### Task instructions
Set down all of the data that follows word for word, without the images.

### Data provided
--------

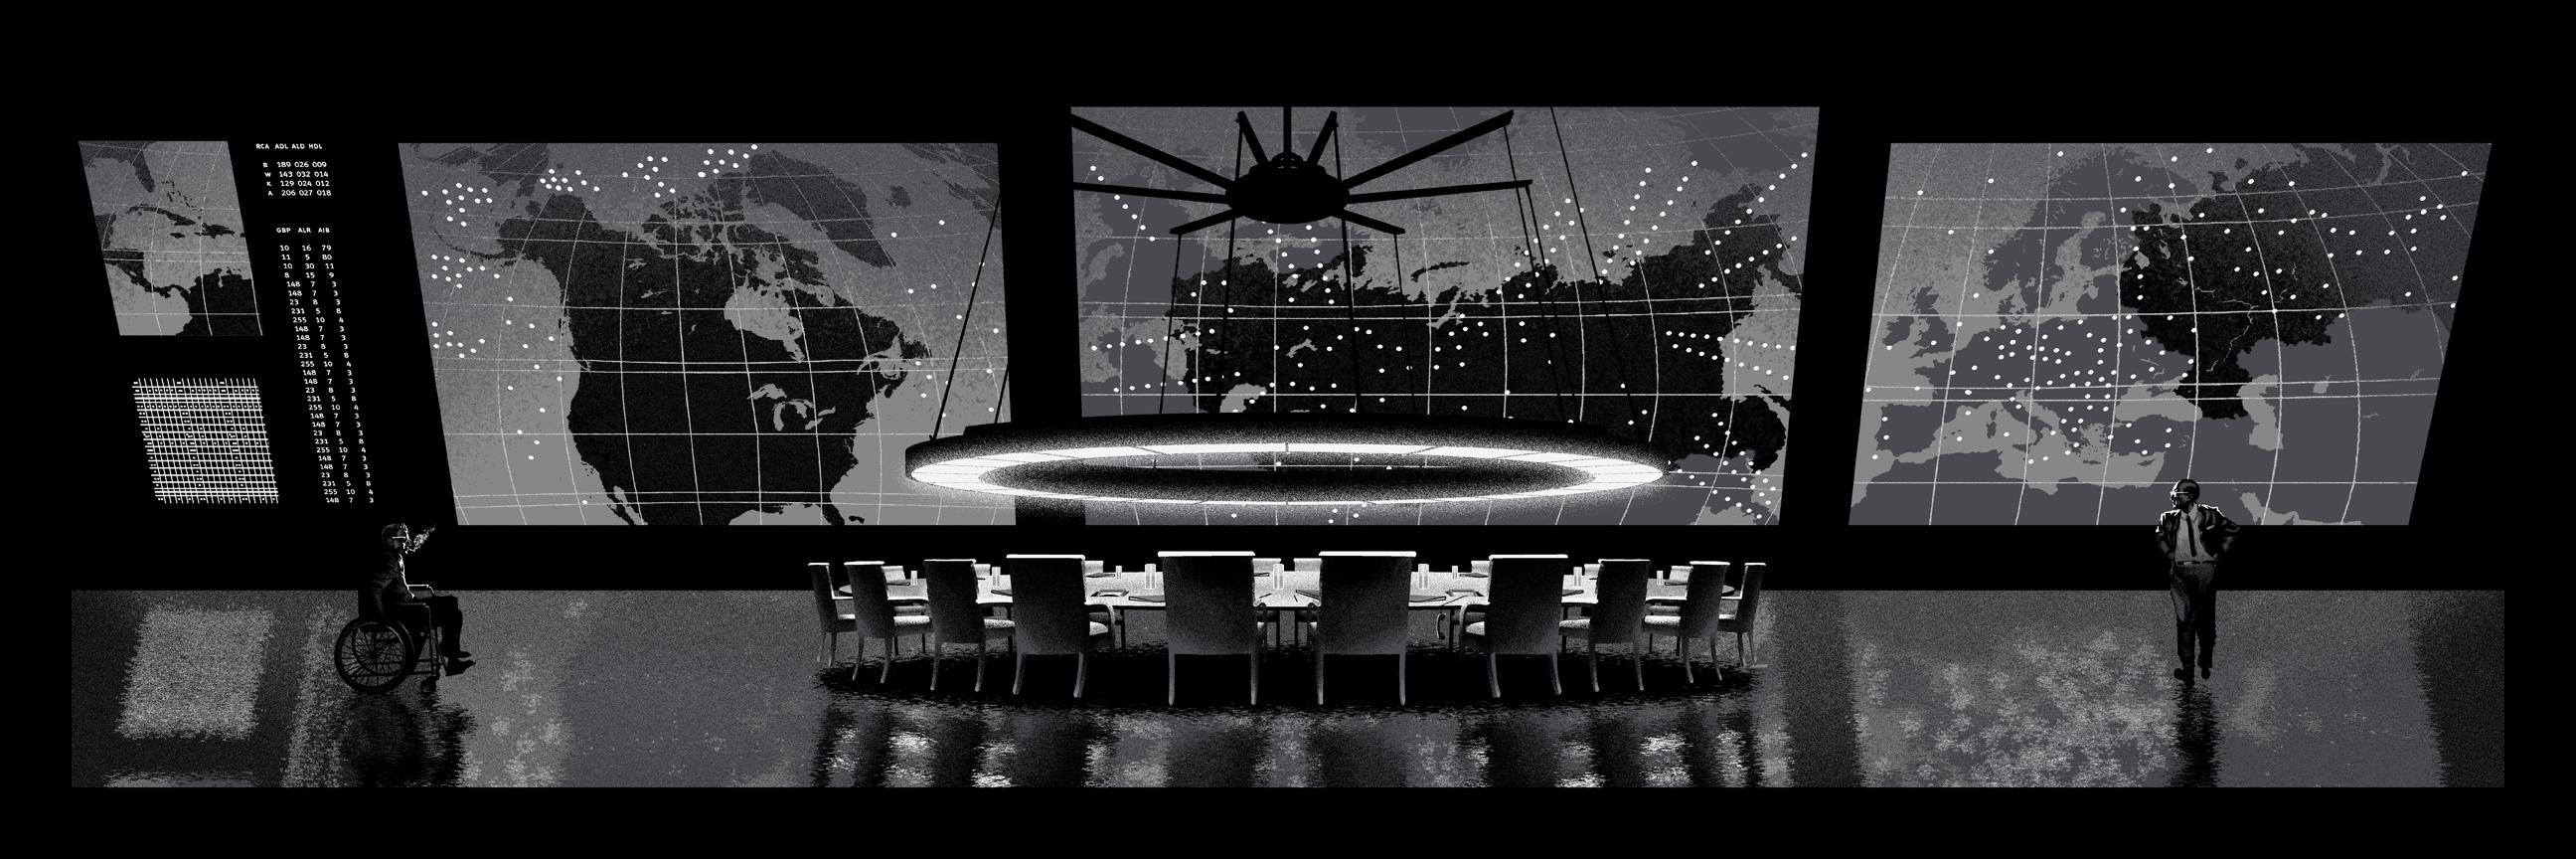 Englert-Dr-Strangelove we'll meet again
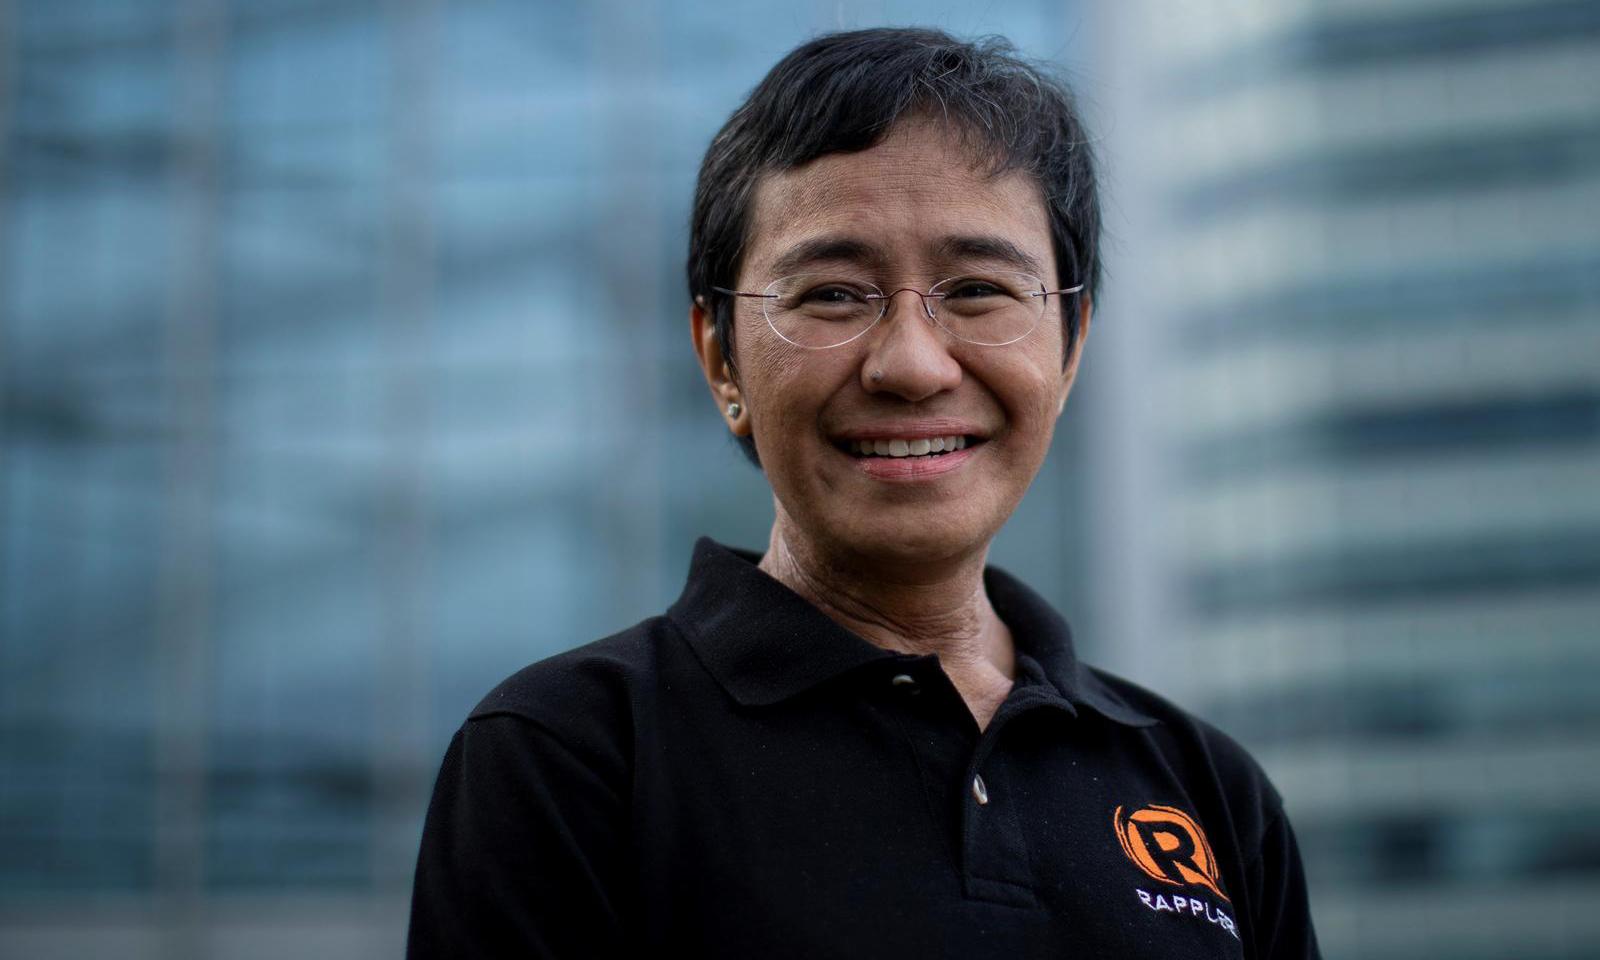 Nhà báo Maria Ressa, một trong hai chủ nhân giải Nobel Hòa bình 2021, tại thành phố Taguig thuộc vùng đô thị Manila, Philippines, hôm 9/10. Ảnh: Reuters.
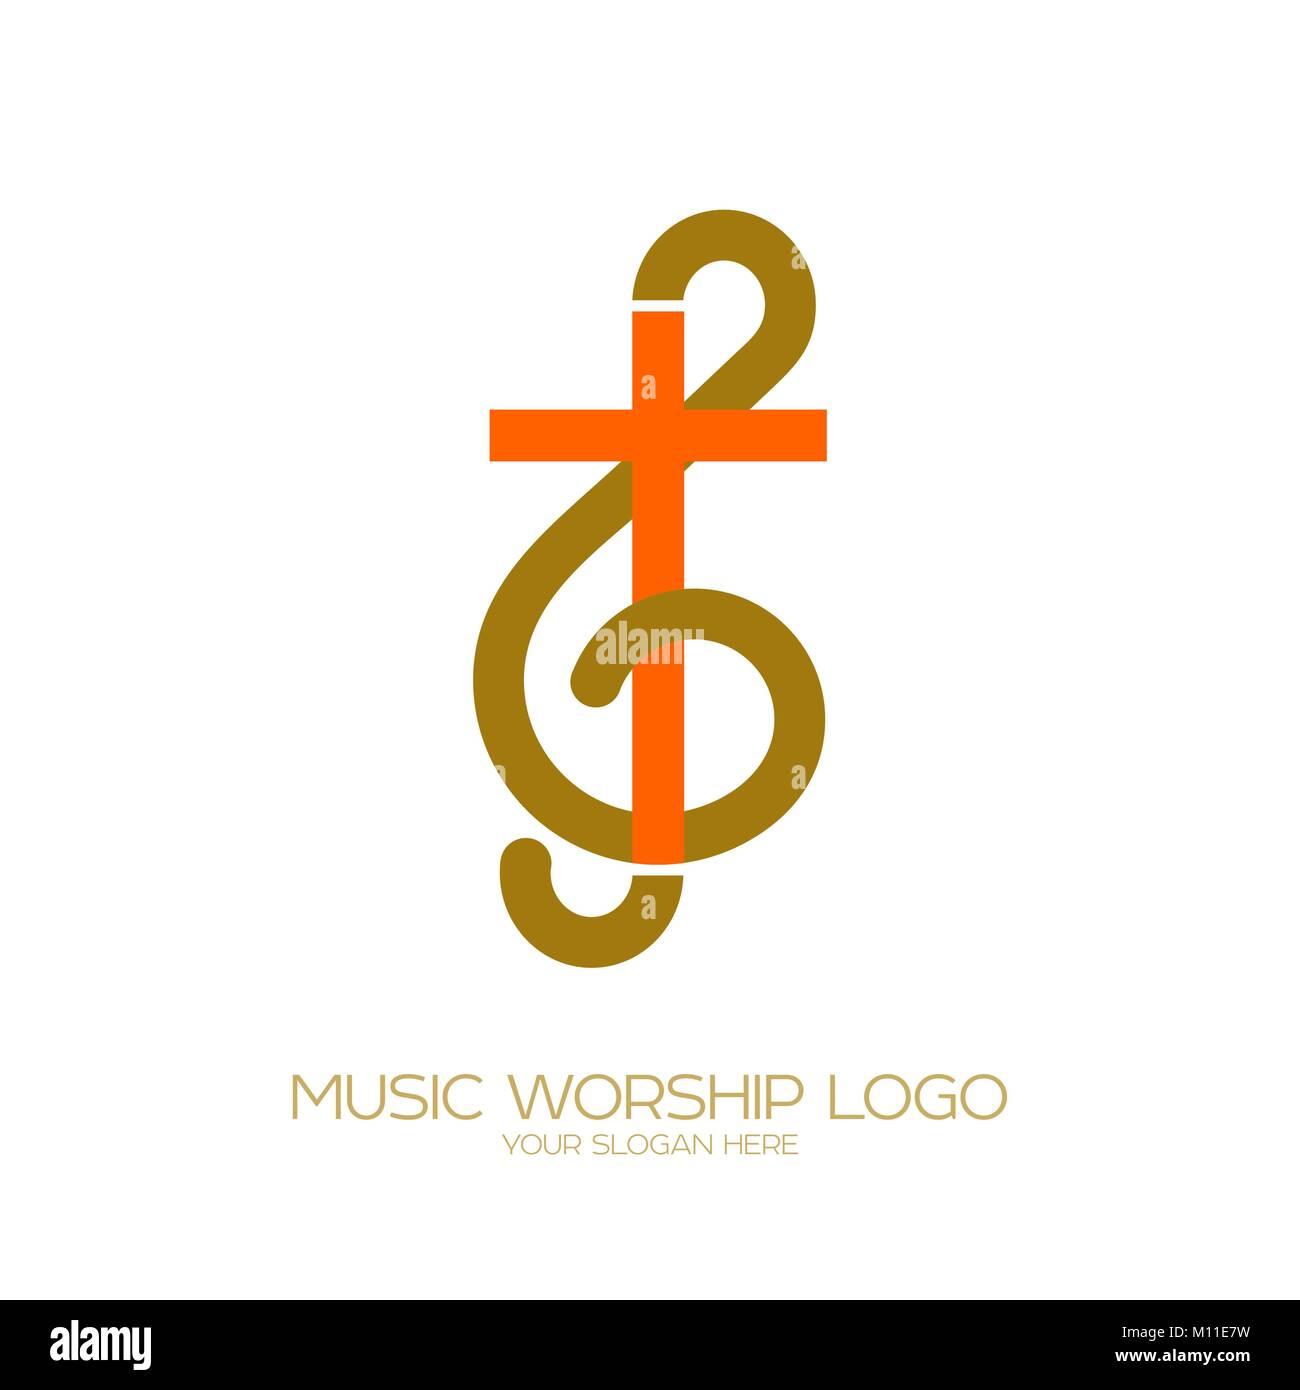 Il Logo Di Musica Simboli Cristiani La Combinazione Della Chiave

--------

### Exercise solution
 Englert-Dr-Strangelove we'll meet again
 Nhà báo Maria Ressa, một trong hai chủ nhân giải Nobel Hòa bình 2021, tại thành phố Taguig thuộc vùng đô thị Manila, Philippines, hôm 9/10. Ảnh: Reuters.
 Il Logo Di Musica Simboli Cristiani La Combinazione Della Chiave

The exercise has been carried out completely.